Image analysis optimization for nanowire-based optical detection of molecules

Abstract

Semiconductor nanowires can enhance the signal of fluorescent molecules, thus significantly improving the limits of fluorescence detection in optical biosensing. In this work, we explore how the sensitivity can further be enhanced through “digital” detection of adequately spaced vertically aligned nanowires, employing single-emitter localization methods, and bright-field microscopy. Additionally, we introduce a systematic analysis pipeline aimed at harnessing this digital detection capability and evaluate its impact on detection sensitivity.

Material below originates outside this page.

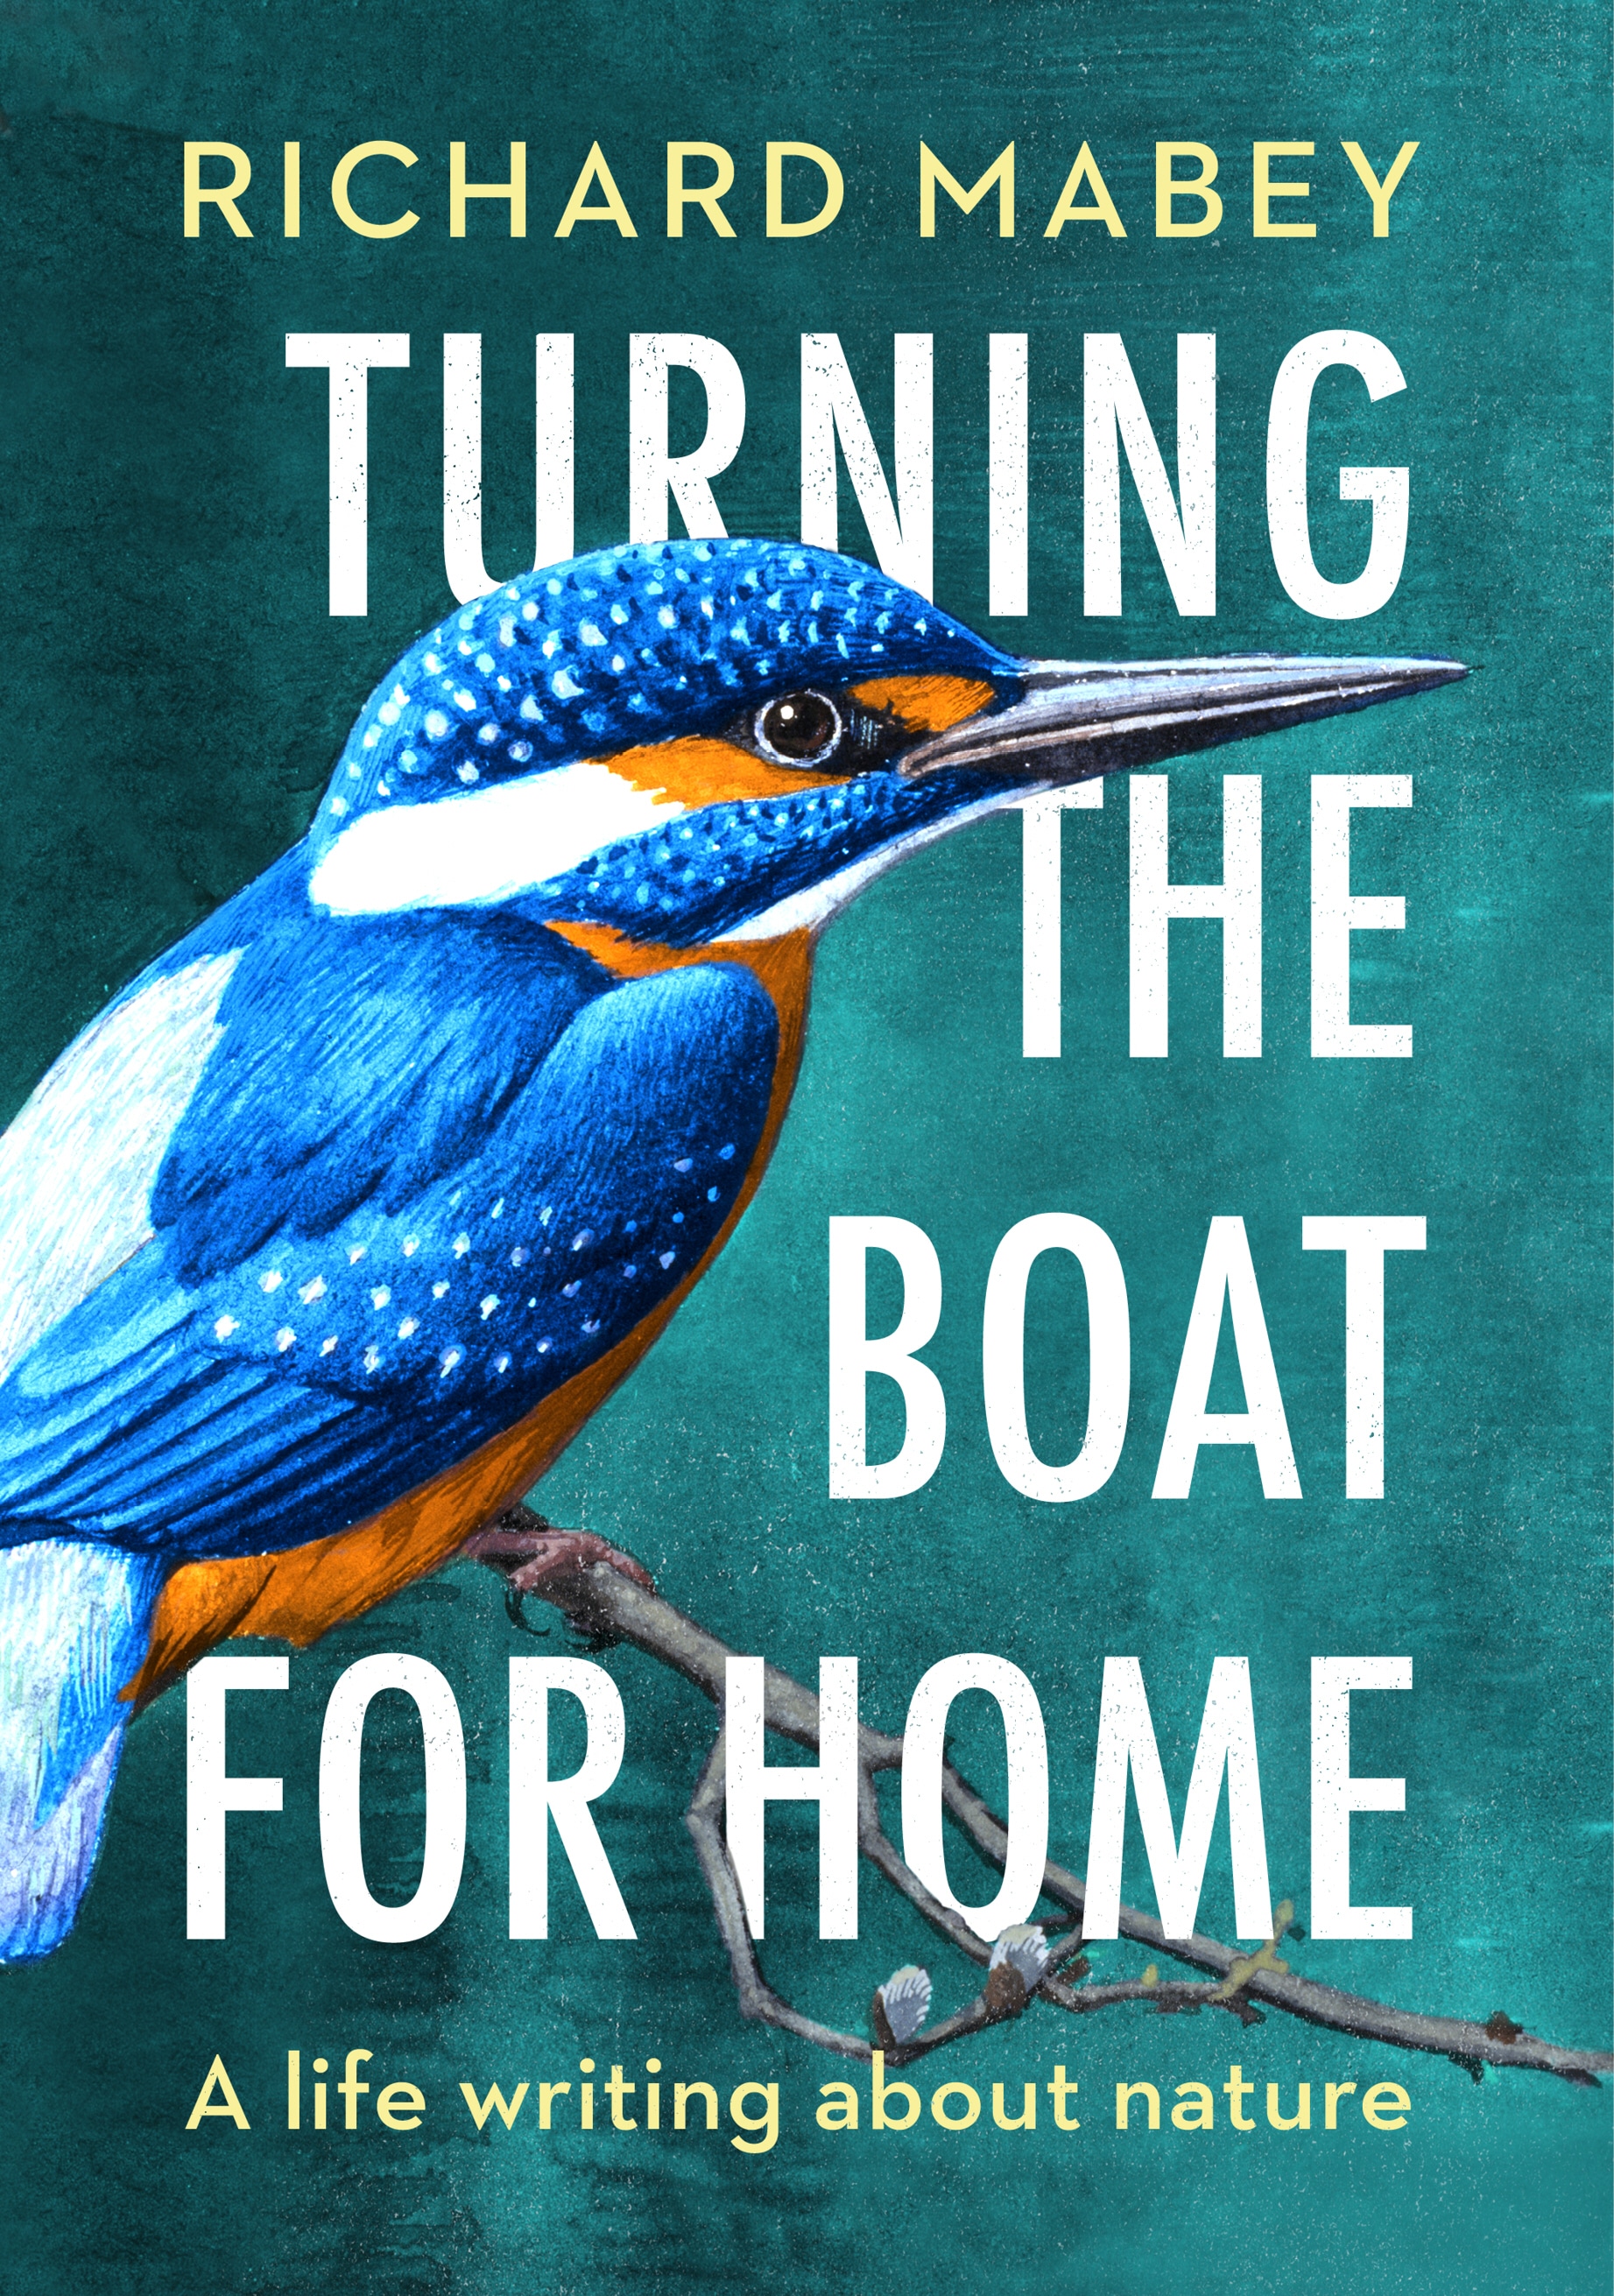 Book “Turning the Boat for Home” by Richard Mabey — October 3, 2019

Using a streptavidin-biotin assay, we demonstrate that single-emitter localization expands the dynamic range to encompass five orders of magnitude, enabling detections of concentrations ranging from 10 fM to 10 nM. This represents two to three orders of magnitude improvement in detection compared to methods that do not utilize single-emitter localization. We validate our analysis framework by simulating an artificial dataset based on numerical solutions of Maxwell’s equations. Furthermore, we benchmark our results against total internal reflection fluorescence microscopy and find, in time-resolved titration experiments, that nanowires offer higher sensitivity at the lowest concentrations, attributed to a combination of higher protein capture rate and higher intensity per single protein binding event. These findings suggest promising applications of nanowires in both endpoint and time-resolved biosensing.